OK, you’re ready to start. Break your egg whites into the bowl, being careful not to break the yolks after all that cleaning. It’s really annoying if you do, so if you don’t feel too confident about it, break the eggs into a separate bowl then just pour in the whites. Start beating your whites (I use electric beaters because it’s quicker, but a large hand whisk is groovy too). You’ll see they start to turn white and lots of wonderful bubbles start to appear. Keep beating till when you turn off the beater, you can form a sort of soft peak. Then, little by little, start to add the sugar – the mixture should end up very white and beautifully glossy. Apparently if you’ve done this right, you should be able to turn the bowl upside-down and the mixture should stay there… Do ya feel lucky? Well, do ya…?
Take a spatula and pour the mixture onto the oven tray, but don’t spread it too thinly; it should be roughly 8 inches wide and a couple of inches high.
Carefully put it in the oven, and cook for about an hour, checking after about 45 minutes. It should be slightly cracked, and sound ‘dry’ when you tap it. Delia leaves her pavlova to dry out completely in the oven, but I’m far too impatient to do that, but do be careful when you transfer it to a serving plate – a nice big one – use a pallet knife to help you. Don’t worry too much if you get a few more cracks, it gives it a lovely homemade look, and anyway, you’re going to hide the middle cracks with the cream.

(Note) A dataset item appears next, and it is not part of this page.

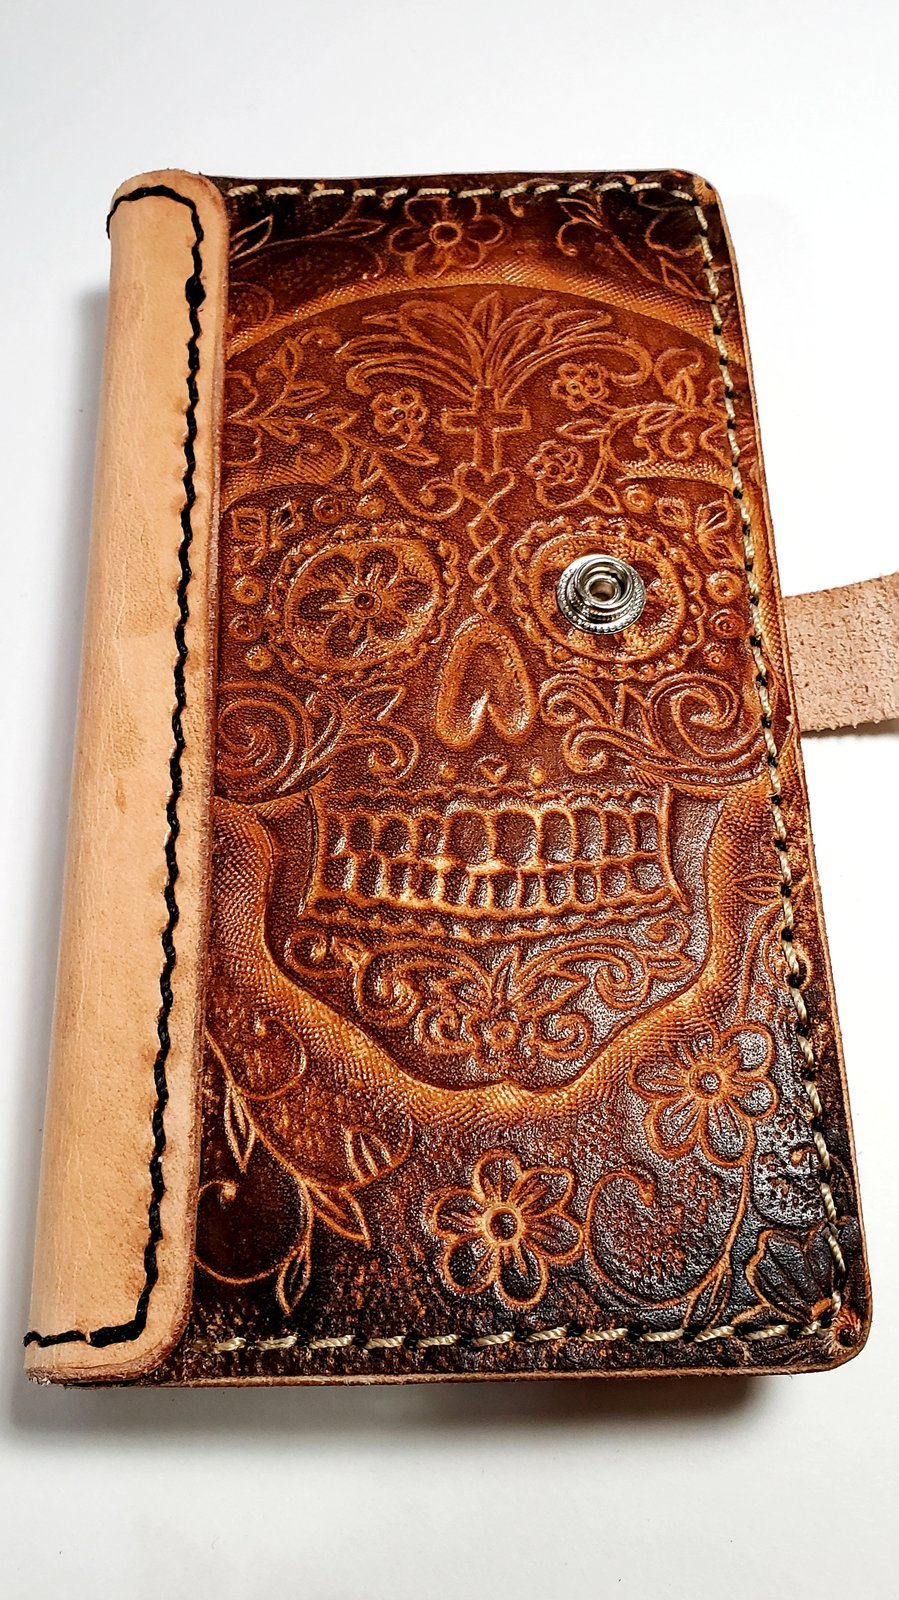 Custom Hand Tooled Leather Smartphone smart phone case. Made to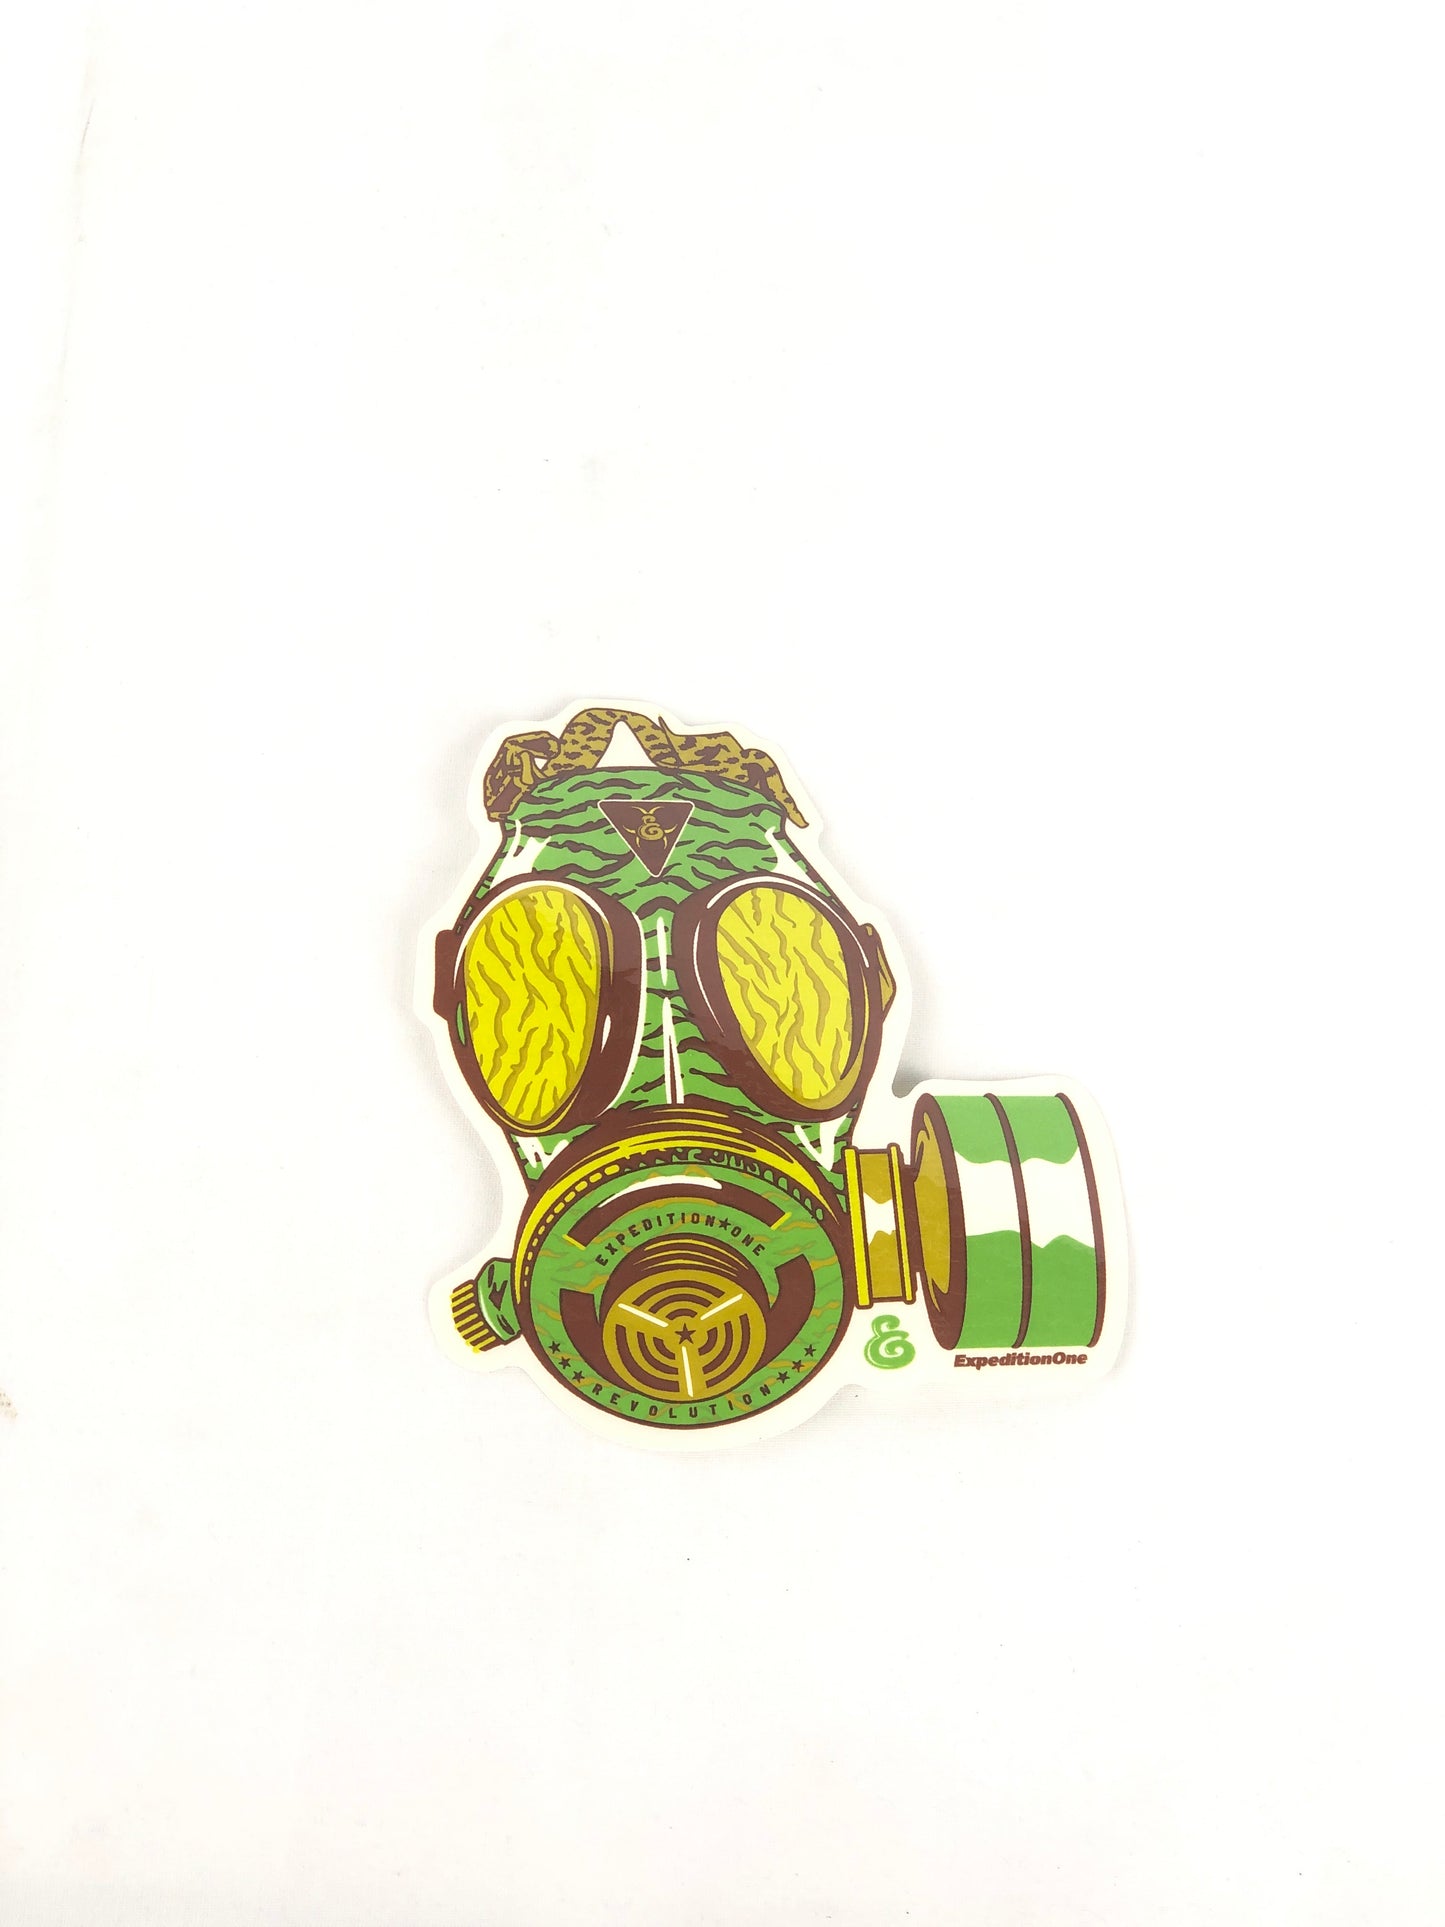 Expedition One Gas Mask Revolution Clear Green Yellow 5.5" x 5" Sticker

Prepare the strawberries by cutting off the top, then standing them on the side you’ve just cut off and slice top to bottom. You should get about 4 or 5 slices per strawberry depending on how big they are. Beat the cream till it just holds its shape – and I mean just – then again using your spatula, carefully spread the cream on the cooled pavlova, taking it to just about the edge. Take the sliced strawberries and start placing them at the edge of the cream. Keep going all the way round. Once you’ve done one circle, keep going till you’ve covered the whole pavlova. Sounds laborious I know, but it really doesn’t take that long, and the results are well worth it!
Artistically place a few mint leaves here and there, and there you have
it – a beautiful Strawberry Pavlova!
it – a beautiful Strawberry Pavlova!
PS. You don’t have to use strawberries; raspberries are lovely too, or any kind of summer fruit really.